Как художник я должна ценить каждый пройденный сантиметр пути. Написала две страницы книги? Очень хорошо. Два телефонных звонка насчет мюзикла? Тоже хорошо. Я должна постоянно искать следующий правильный шаг и делать его, как бы скромен с виду он ни был. Надо пестовать свою карьеру. Надо о ней заботиться. Каждый день должен приносить небольшой шаг вперед. Как действовал бы художник, знающий себе цену? Вот и вы действуйте так же. Сегодня я поеду в Ист-Виллидж послушать дуэт, мужчину и женщину. Мы дружим, и я хочу их поддержать. Оба могут по праву считаться звездами Бродвея, и выступать по вечерам им незачем, однако эти выступления позволяют заполнить дни продуктивной деятельностью и заниматься ею исключительно ради любви к искусству. Он не сегодня завтра займется постановкой шоу в Линкольн-центре. Она собирается в Европу, где ей предложили заглавную роль в новом мюзикле. Вечерние же выступления с романтическими дуэтами позволяют раскрыть ту сторону таланта, которая остается незадействованной. Я пойду на выступление и буду слушать, как они поют, чтобы дать понять: я всецело на стороне их мечты.

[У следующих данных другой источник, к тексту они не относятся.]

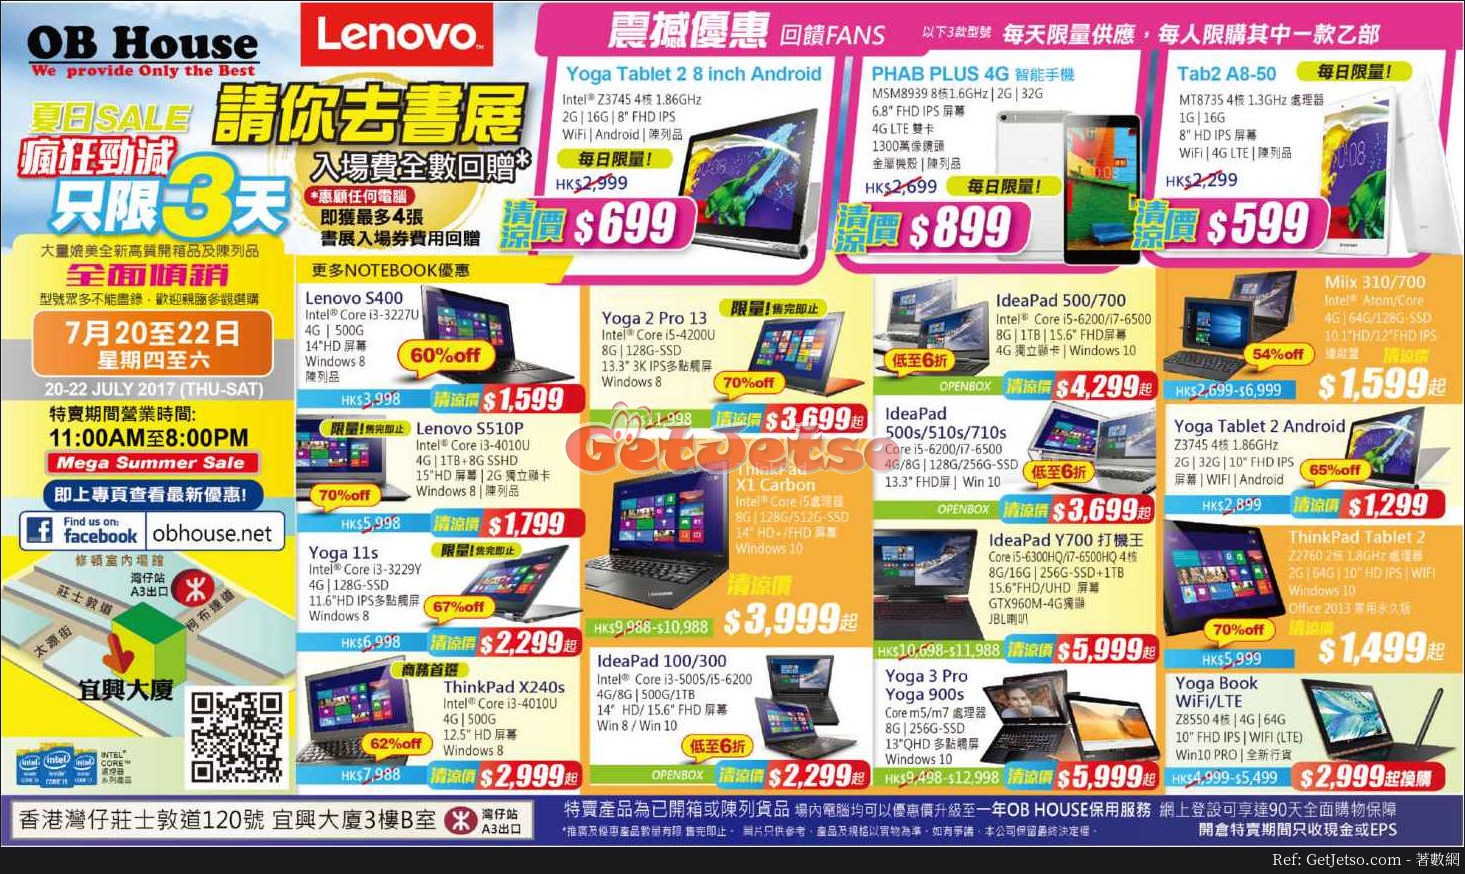 低至3折Lenovo陳列機開倉優惠@OB HOUSE(17年7月20-22日)圖片1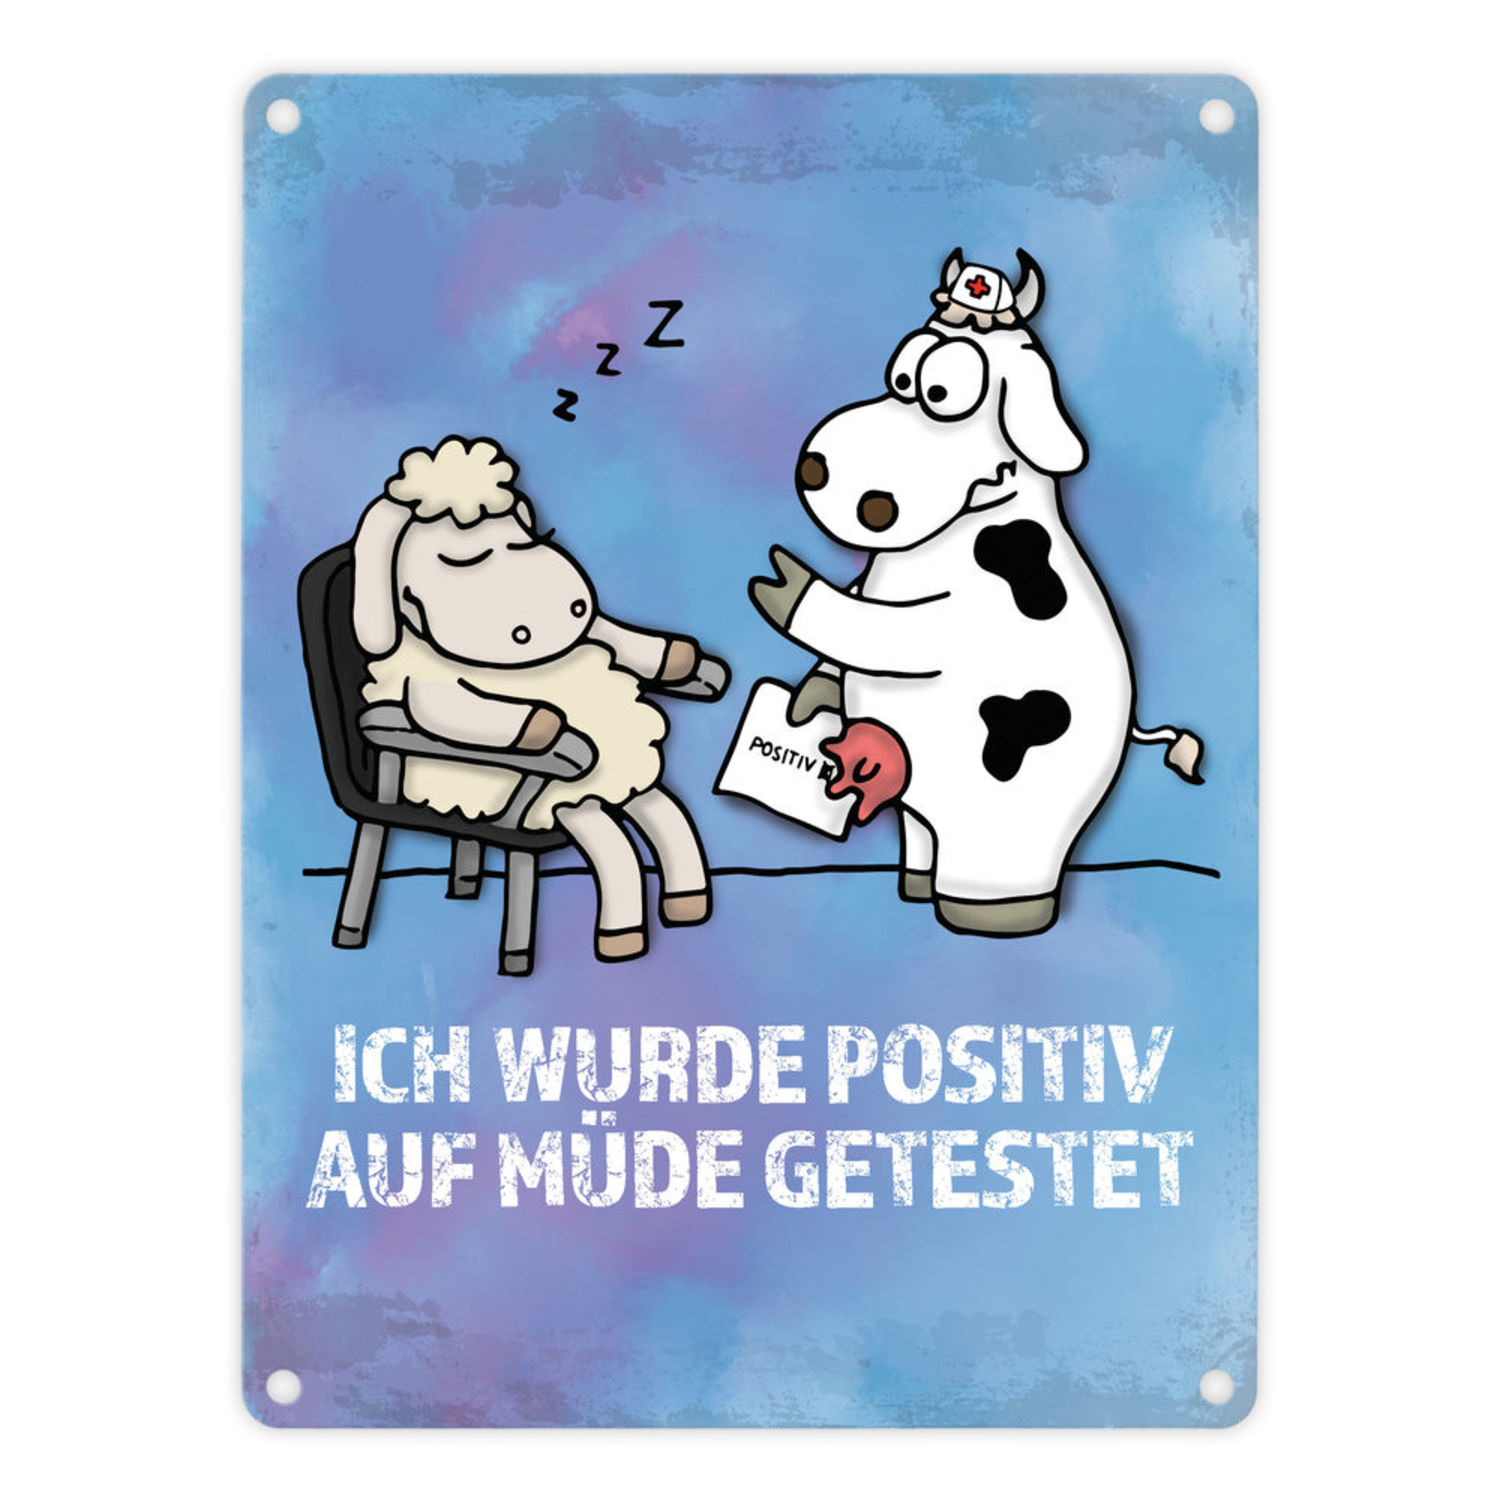 35+ Spruch muede , Metallschild mit Schaf und Kuh Motiv und Spruch Positiv auf Müde getestet bei trendaffe.de

Красота — это экстаз; она проста, как голод.
СОМЕРСЕТ МОЭМ
Как легко бывает художнику поддаться и позволить другим выстраивать его творческий путь. Как легко ждать, пока тебя выберут. Но пассивность такого рода влечет за собой отчаяние. Чтобы быть здоровым и полным жизни, художник должен сам проявлять активность. Писатель должен писать из любви к делу, а не потому лишь, что заключил контракт с издательством. Актер должен сознательно искать возможность играть не только на прослушиваниях. Певец должен стремиться петь не только по вечерам в мюзиклах.
Если поэзия похожа на оргазм, тогда преподавателя поэзии можно уподобить тому, кто изучает следы страсти на простынях.
ИРВИНГ ЛЕЙТОН
Художники очень похожи на спортсменов. Как художник я должна тщательно следить за эффективностью тренировок. Я словно триатлонист от искусства — нуждаюсь в гармоничном развитии. Мне следует вооружиться собственными талантами и потратить время и силы, чтобы в полной мере их использовать. Именно это и делают мои друзья-певцы. Именно это должна делать и я.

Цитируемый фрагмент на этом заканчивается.